The second joint filing of NARUC and telcos also slammed the “predictability problem” of USF support and the FCC’s new quantile regression analysis: “A carrier simply cannot know from year to year which investment or expenses will be supported and which will not.” NARUC and other national groups loudly stressed these concerns for months (CD Oct 9 p2). The FCC failed in determining its support levels and in its “one-size-fits-all treatment of rate-of-return carriers,” Gila said.
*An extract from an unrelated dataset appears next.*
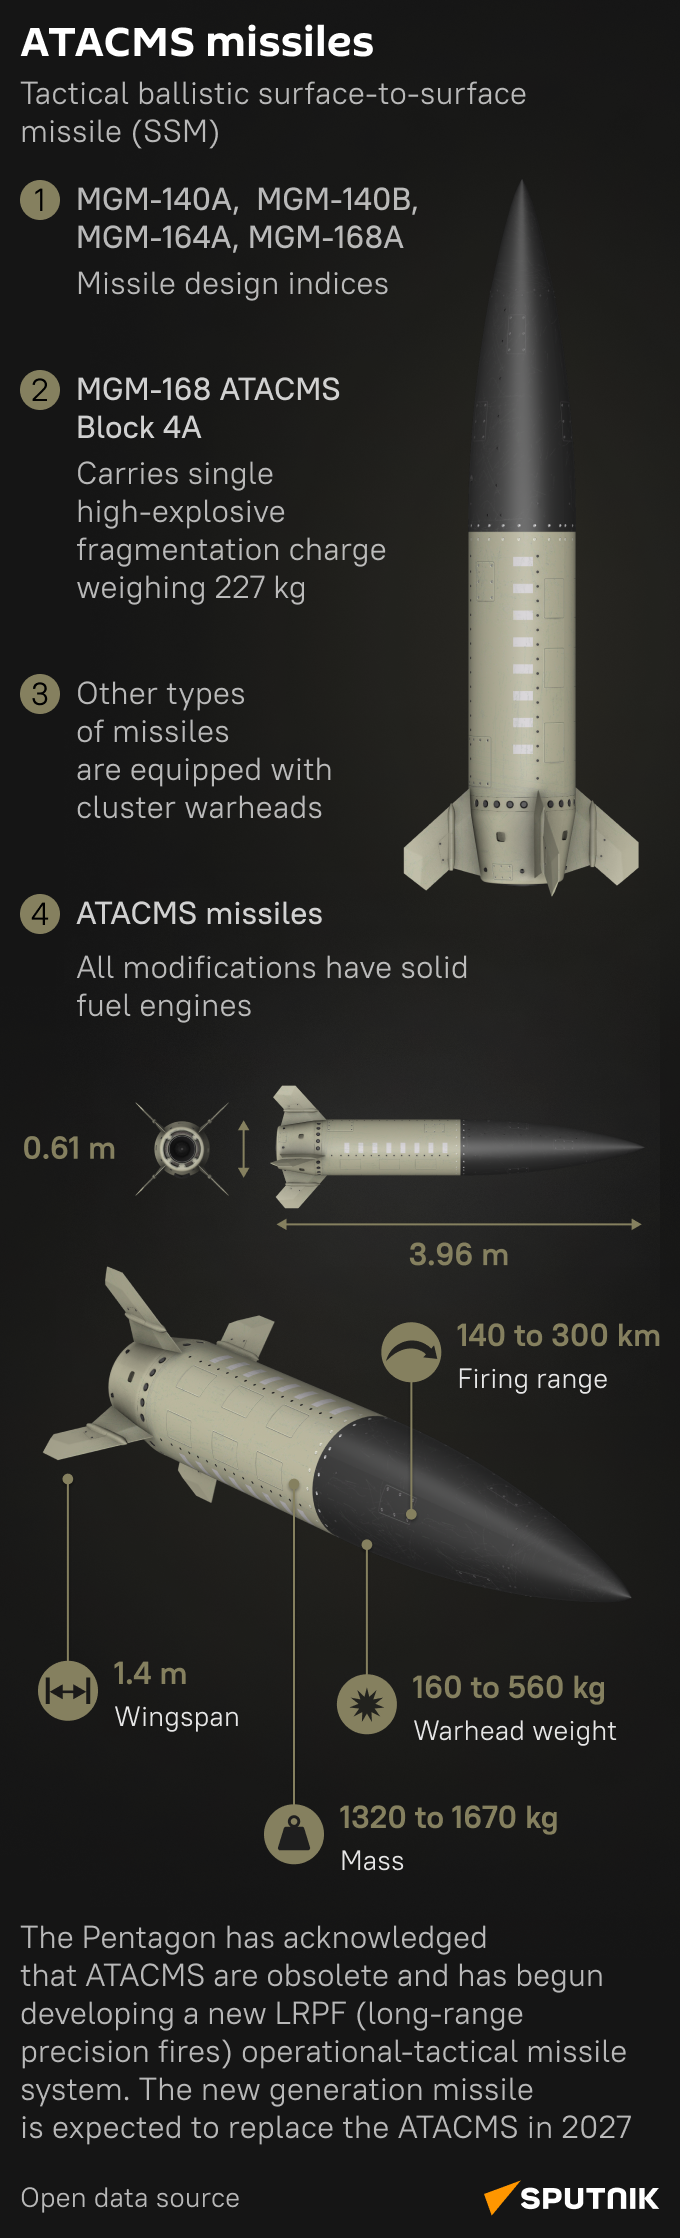 ATACMS missiles_mob - Sputnik India

Voice on the Net Coalition, representing VoIP interests, attacked the FCC’s no-blocking obligation. That obligation is for “IVoIP and one-way VoIP providers to refrain from blocking telephone traffic,” the coalition said. It’s “arbitrary, capricious, and an abuse of discretion” and “exceeds the FCC’s jurisdiction and authority under the Act,” VON said. The 10th Circuit should vacate the order, Transcom Enhanced Services said. “The FCC is acting under the statute it wishes it had, not the statute it has.” The commission is “conflating the distinctly different rights, duties, and obligations assigned to carriers on the one hand and end-users on the other” and is trying to “so casually assign the duties of one on the other, or confer the benefits of one on the other, in the absence of specific authority,” it said. Transcom said it’s an enhanced service provider, not a carrier but an end-user, an identity debated in several state commission rulings against the company which it then appealed in court (CD Oct 17 p9).